Миссионерство

Может ли вера не говорить о вере?
  • По мнению экспертов, христианство без миссии невозможно по определению. Христос сказал: "Идите и научите все народы, крестя их во имя Отца и Сына, и Святого Духа".
  • Миссия не должна быть агрессивной, принудительной. Это должно быть не изнасилование душ, а проповедь от сердца к сердцу.
  • Для того чтобы ребенок воспринял слова проповеди, они должны быть донесены до него авторитетно, но без принуждения. В общении отцов и детей нет места нудному морализаторству.
  • В современной России миссионерство явно не приветствуется: одной из первых жертв стали попавшие под запрет и преследуемые Свидетели Иеговы.

Яков Кротов: В нашей студии – протестантский лютеранский епископ Павел Бегичев и православный миссионер Дмитрий Пахомов.

Начнем с небольшого видеоинтервью с Николаем Сыровым, представителем еще одной из главных христианских конфессий – с римо-католическим журналистом, который ведет чудный подкаст о католической жизни и богословии при Храме Непорочного Зачатия в Москве. Вопрос: может ли Церковь быть не миссионерской?

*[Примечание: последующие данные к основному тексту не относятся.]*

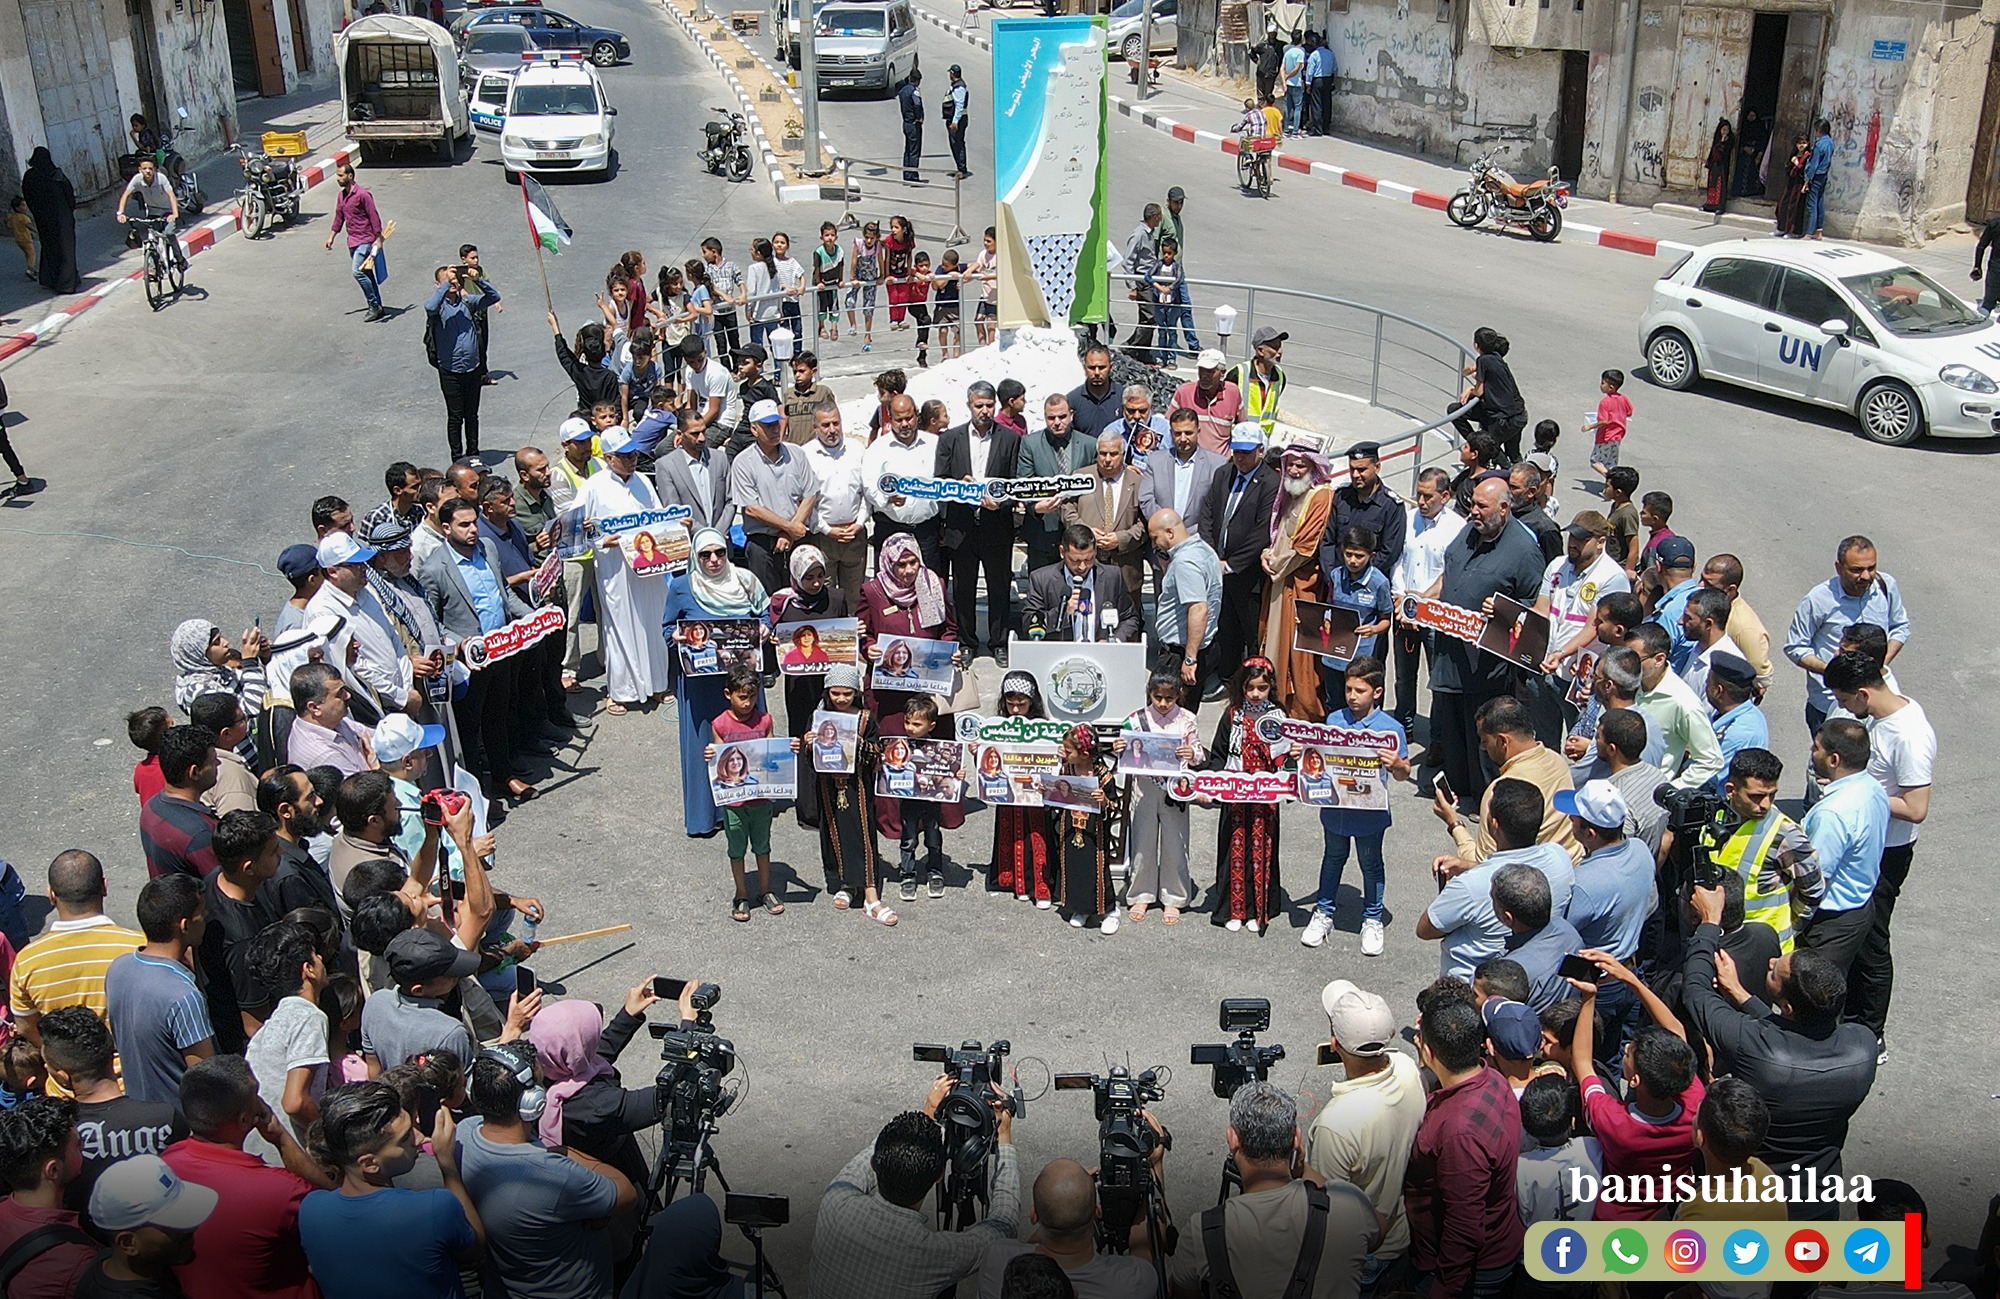 صور من افتتاح ميدان شيرين أبو عاقلة نشرتها صفحة بلدية بني سهيلا على فيسبوك

Николай Сыров: Сегодня христианская миссия весьма проста. Моя миссия – это любовь к другому человеку, общение с ним. И в этом плане я не вижу особенного отличия между христианством и не христианством. К идее такой миссии можно довольно легко прийти, исходя из банальных политических и экономических соображений. Любить другого человека элементарно выгоднее в долгосрочной перспективе.

Как стартовала миссия Моисея? С ним заговорил пылающий и не сгорающий терновый куст. Для меня это идеальная метафора миссии, потому что сам по себе терновый куст – довольно никчемное растение, но он использовался для того, чтобы разжечь костер, то есть работал как зажигалка. И миссионер – это зажигалка. Он должен затянуть в свой костер побольше людей, желательно массово, а не по одиночке, он должен пригодиться другому человеку. И без такой миссии христианство – это терновый куст, который так и не загорелся, а из такого куста можно сделать только венец.

Без миссии Церковь не будет Церковью, это будет некий организм, который может мутировать, превратиться во что-то иное. И вот эта миссия на сегодняшний день, в XXI веке - это инструмент, с помощью которого, как ни парадоксально это может прозвучать, можно сохранить Церковь.

Яков Кротов: Была замечательная монография о византийском миссионерстве, и там подчеркивалось, что в Средние века не знали классического миссионерства. Были небольшие группы миссионеров, но, например, то, что князь Владимир решил крестить Русь, это не результат целенаправленной миссии, он добился этого шантажом и какими-то политическими требованиями. Так что миссионерство не всегда было характерно для Церкви. Возможно христианство без миссии?

Мы должны, как блудные дети, вернуться к Отцу, в этом смысл христианской миссии

Дмитрий Пахомов: Невозможно по определению. Христос сказал: "Идите и научите все народы, крестя их во имя Отца и Сына, и Святого Духа". И это призыв нашего основателя Церкви, которому мы все подчиняемся, мы берем и несем слово Божие от края до края земли. Но миссия не должна быть агрессивной, она не должна быть миссией принуждения. Это должно быть не изнасилование душ, а проповедь от сердца к сердцу, сердца должны воспылать любовью ко Христу, люди должны и понять на уровне разума, и почувствовать на уровне сердца, что без возвращения в лоно Отца Небесного ничего невозможно, что без этого наша жизнь не имеет никакого смысла. Мы должны, как блудные дети, вернуться к Отцу, в этом есть смысл христианской миссии.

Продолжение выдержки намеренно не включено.